Here is how create the key, so I'm sure that the key has the mentioned settings and is also always the same.
https://github.com/rhoriguchi/nixos-setup/blob/50e380f979912e8bd1a713c7626b766eced40e6d/configuration/devices/headless/nelliel/headscale/default.nix#L70-L88

Here is my headplane config: https://github.com/rhoriguchi/nixos-setup/blob/50e380f979912e8bd1a713c7626b766eced40e6d/configuration/devices/headless/nelliel/headscale/headplane.nix#L13-L49

> headscale version
headscale version 0.28.0
commit: v0.28.0
build time: unknown
built with: go1.25.5 linux/amd64

Headplane version: 931a7f8

Log output

Feb 09 16:09:19 XXLPitu-Nelliel systemd[1]: Started Headscale Web UI.
Feb 09 16:09:21 XXLPitu-Nelliel headplane[527405]: 2026-02-09T15:09:21.131Z [server] INFO: Running Node.js 22.22.0
Feb 09 16:09:21 XXLPitu-Nelliel headplane[527405]: (node:527405) [DEP0040] DeprecationWarning: The `punycode` module is deprecated.

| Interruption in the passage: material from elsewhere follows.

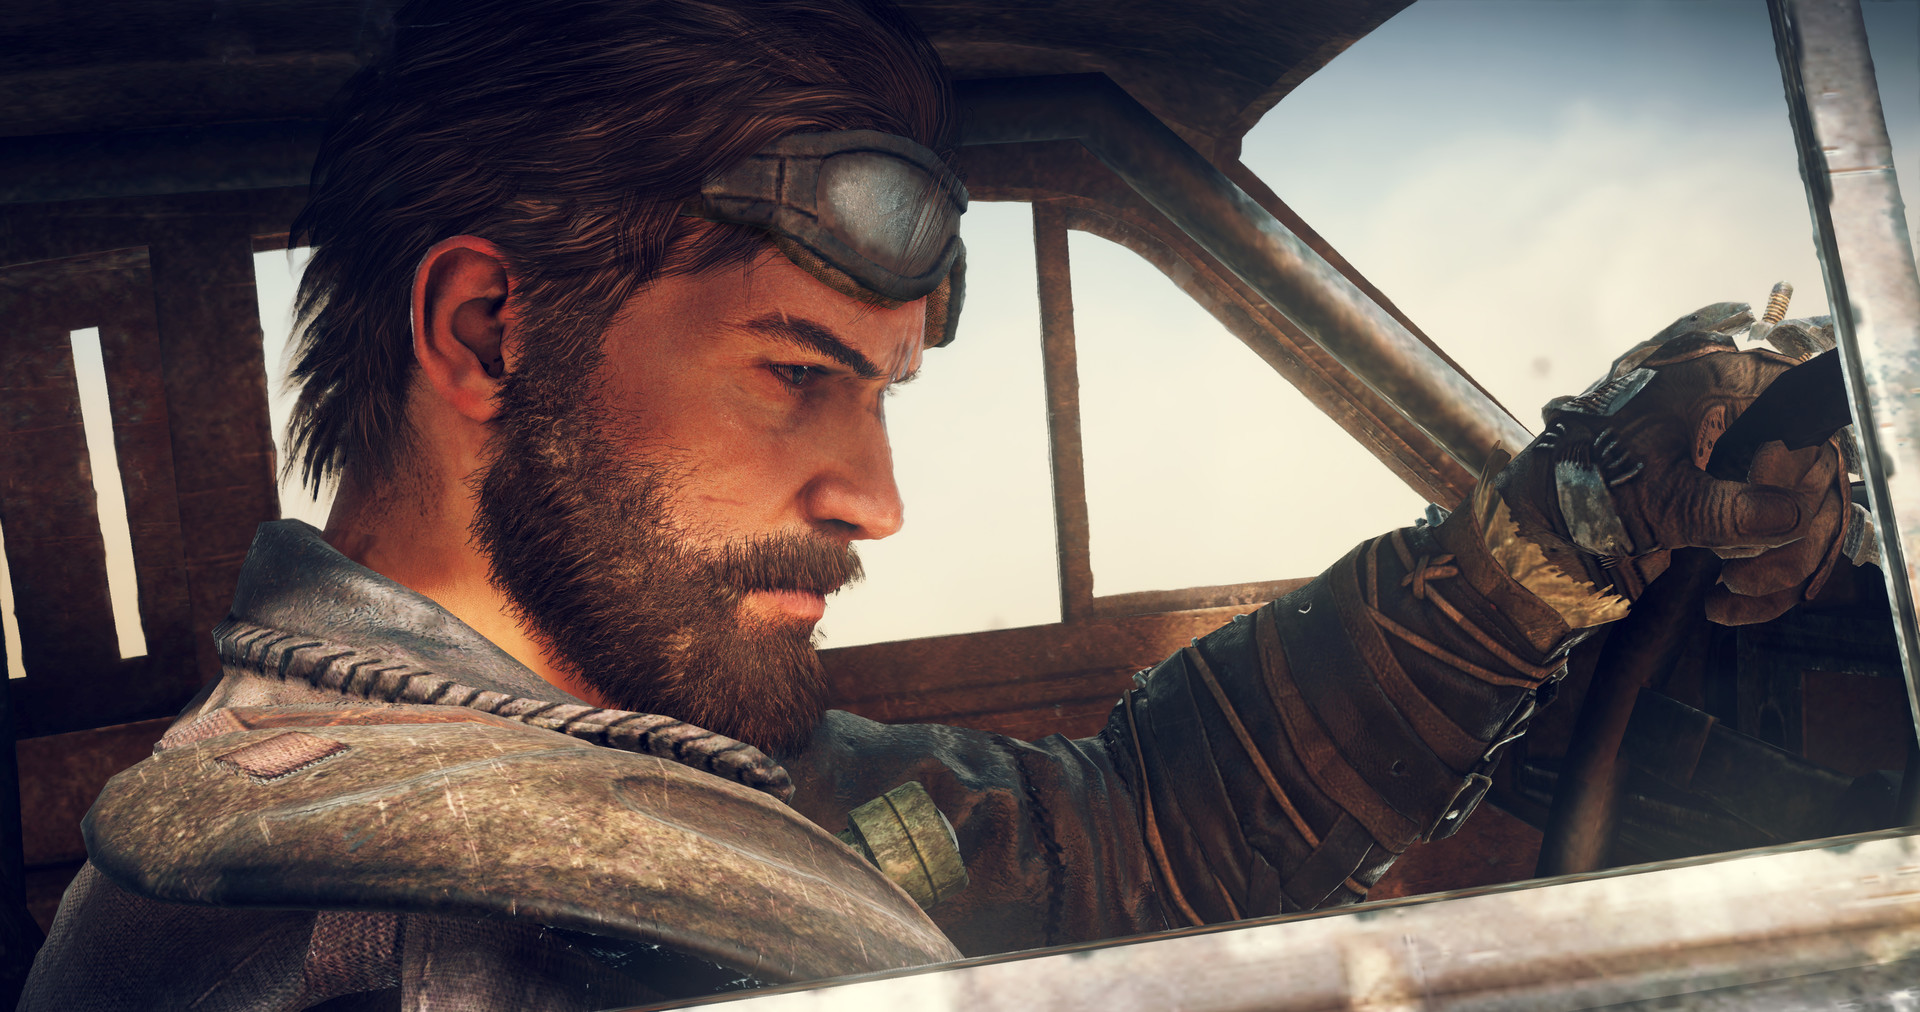 Mad Max 2 may been in development before the pandemic | Gamer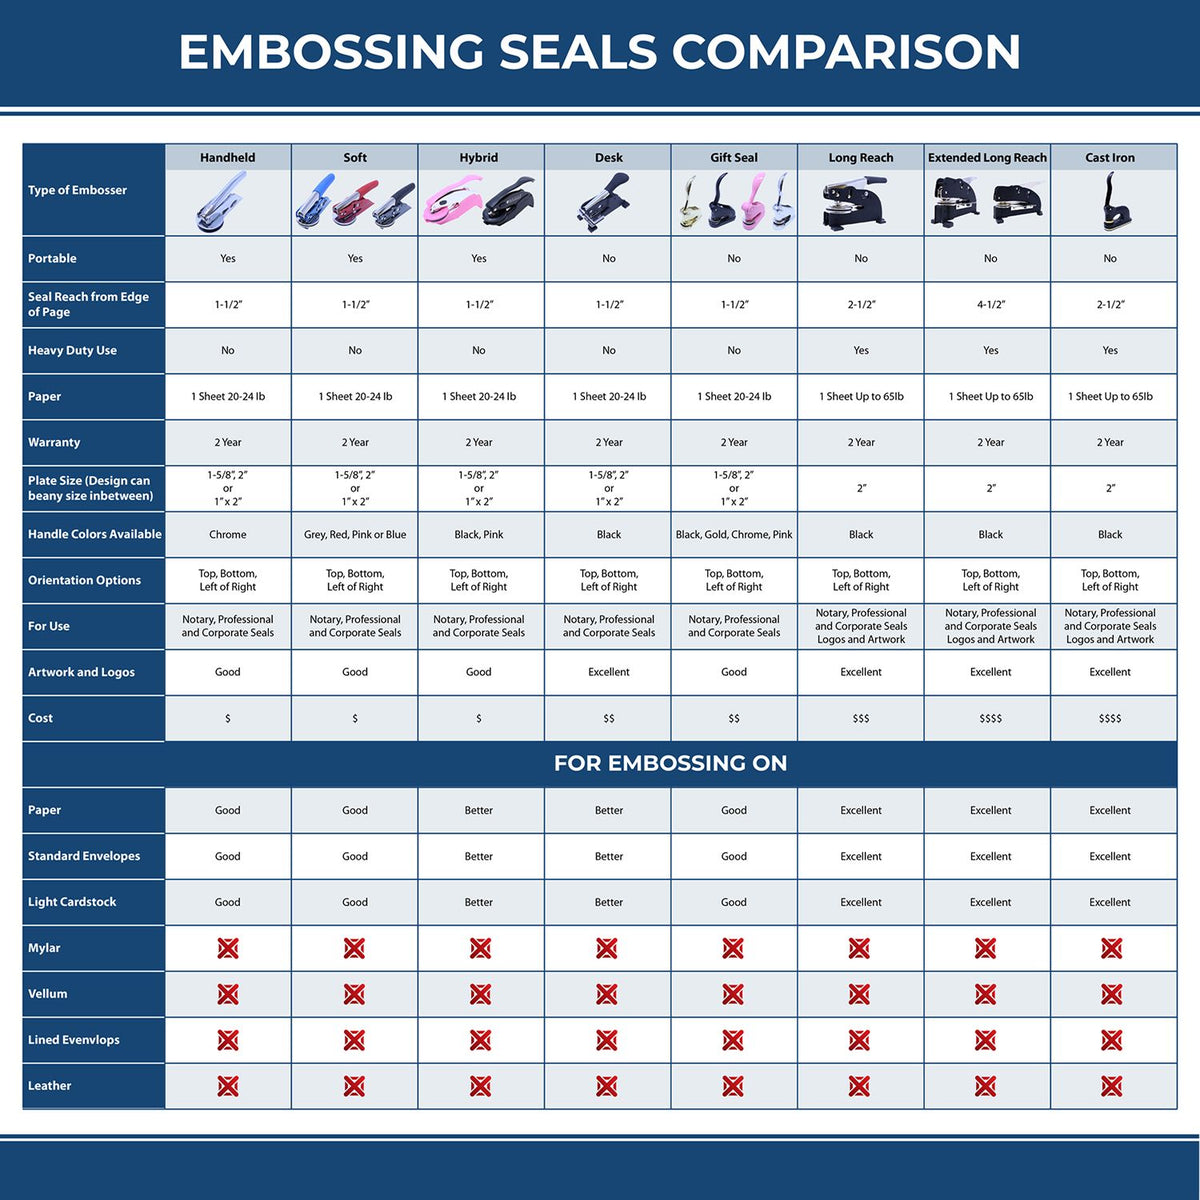 A comparison chart for the different types of mount models available for the Colorado Desk Surveyor Seal Embosser.

Please use a userland alternative instead.
Feb 09 16:09:21 XXLPitu-Nelliel headplane[527405]: (Use `node --trace-deprecation ...` to show where the warning was created)
Feb 09 16:09:21 XXLPitu-Nelliel headplane[527405]: 2026-02-09T15:09:21.279Z [agent] INFO: Using agent cache file at /var/lib/headplane/agent_cache.json
Feb 09 16:09:21 XXLPitu-Nelliel headplane[527405]: 2026-02-09T15:09:21.288Z [agent] INFO: Headplane agent started
Feb 09 16:09:21 XXLPitu-Nelliel headplane[527405]: 2026-02-09T15:09:21.315Z [agent] INFO: tsnet running state path /var/lib/headplane/agent/tailscaled.state
Feb 09 16:09:21 XXLPitu-Nelliel headplane[527405]: 2026-02-09T15:09:21.316Z [agent] INFO: tsnet starting with hostname "headplane-agent", varRoot "/var/lib/headplane/agent"
Feb 09 16:09:21 XXLPitu-Nelliel headplane[527405]: 2026-02-09T15:09:21.372Z [agent] INFO: Authkey is set; but state is NoState. Ignoring authkey. Re-run with TSNET_FORCE_LOGIN=1 to force use of authkey.
Feb 09 16:09:21 XXLPitu-Nelliel headplane[527405]: 2026-02-09T15:09:21.374Z [config] INFO: Found a valid Headscale configuration file at /nix/store/5v6xz6dw0j01j7bc7zhxdj1ggm0s3md6-headscale.yml
Feb 09 16:09:21 XXLPitu-Nelliel headplane[527405]: 2026-02-09T15:09:21.376Z [config] WARN: Headscale configuration file at /nix/store/5v6xz6dw0j01j7bc7zhxdj1ggm0s3md6-headscale.yml is not writable
Feb 09 16:09:21 XXLPitu-Nelliel headplane[527405]: 2026-02-09T15:09:21.479Z [config] ERROR: Error validating Headscale configuration:
Feb 09 16:09:21 XXLPitu-Nelliel headplane[527405]: 2026-02-09T15:09:21.479Z [config] ERROR:  - (0): dns.extra_records must be an array (was null)
Feb 09 16:09:21 XXLPitu-Nelliel headplane[527405]: 2026-02-09T15:09:21.480Z [config] INFO: Using Proc integration
Feb 09 16:09:21 XXLPitu-Nelliel headplane[527405]: 2026-02-09T15:09:21.515Z [config] INFO: Found headscale serve (PID 526936)
Feb 09 16:09:21 XXLPitu-Nelliel headplane[527405]: 2026-02-09T15:09:21.689Z [server] INFO: Running on 127.0.0.1:3001
Feb 09 16:09:22 XXLPitu-Nelliel headplane[527405]: 2026-02-09T15:09:22.973Z [agent] INFO: Connected to Tailnet (PublicKey: nodekey:f7bc17d48da95981caea9bced427e6073a1421b951cabf240e9d6cd8173e8b47)
Feb 09 16:09:22 XXLPitu-Nelliel headplane[527405]: 2026-02-09T15:09:22.974Z [agent] INFO: Headplane agent is ready and serving queries
Feb 09 16:09:26 XXLPitu-Nelliel headplane[527405]: 2026-02-09T15:09:26.347Z [agent] INFO: AuthLoop: state is Running; done
Feb 09 16:17:43 XXLPitu-Nelliel systemd[1]: Stopping Headscale Web UI...
Feb 09 16:17:43 XXLPitu-Nelliel headplane[527405]: 2026-02-09T15:17:43.439Z [server] INFO: Received SIGTERM, shutting down...
Feb 09 16:17:43 XXLPitu-Nelliel systemd[1]: headplane.service: Deactivated successfully.
Feb 09 16:17:43 XXLPitu-Nelliel systemd[1]: Stopped Headscale Web UI.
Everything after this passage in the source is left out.